Ramblings of an aging IT geek
← Ramblings of an aging IT geek
debugging

The Off-By-One That Three of Us Approved

How a classic off-by-one error slipped past two reviewers and me, and what it took to finally see it.

A bug on a terminal screen

The bug was a single character. The cost was a week of intermittent, maddening reports that a batch job was occasionally skipping the last record, and only sometimes, and only in production. It had been reviewed by two people plus me, and all three of us signed it off without a flicker of doubt.

Here's the offending loop, near enough:

for i in range(0, len(items) - 1):
    process(items[i])

Read it quickly and it looks fine. It looks like exactly the sort of careful boundary handling you'd want. The - 1 reads as defensive, as if the author was being thoughtful about the edge. That's the trap. There was nothing to defend against. range(0, len(items)) was correct, and the - 1 quietly dropped the final item every single time.

So why didn't it fail loudly? Because most of our test fixtures and most real batches ended on a record that didn't matter much, or got picked up by the next run, or was a duplicate of something already processed. The failure was real and constant, but its visible effect was intermittent. That gap between "the bug always happens" and "someone notices" is where these things hide.

Lines of code on a monitor

What got it past review is more interesting than the bug itself. The - 1 looked deliberate. None of us asked "why is that there", because it pattern-matched to caution, and you don't tend to challenge code that looks careful. We were reviewing for plausibility, not for correctness. Those are not the same thing, and I'd quietly conflated them for years.

I found it in the end by doing the least clever thing available. I stopped reading the code and started counting. I added a log line for the length of items and a log line for the number of times process was called, ran it against a known batch, and the two numbers were off by exactly one. After that it was obvious, the way these always are once the count gives you somewhere to look.

The fix was deleting two characters.
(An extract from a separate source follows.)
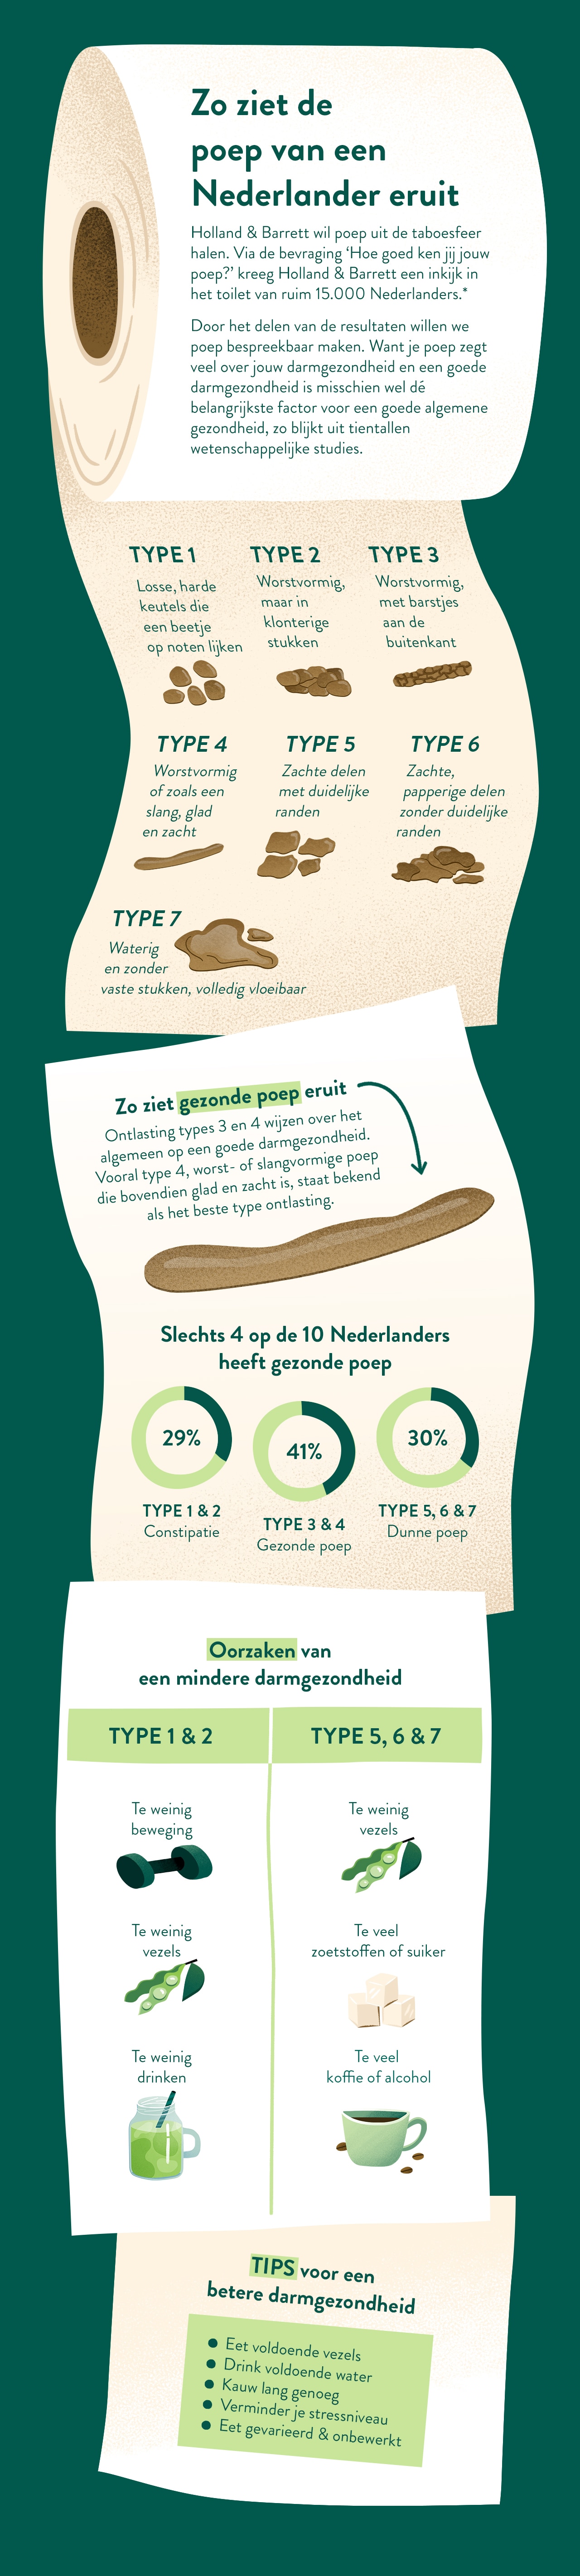 infographic_poep

The lesson cost rather more.

What I changed afterwards wasn't a process, it was a habit. When I see an arithmetic adjustment in a loop bound, a - 1, a + 1, an off-by-something that's meant to be clever, I now stop and ask what it's for. If the answer isn't immediate, that's the line to check, not skip. The careful-looking code is exactly the code that gets waved through, which makes it the best place for a bug to live.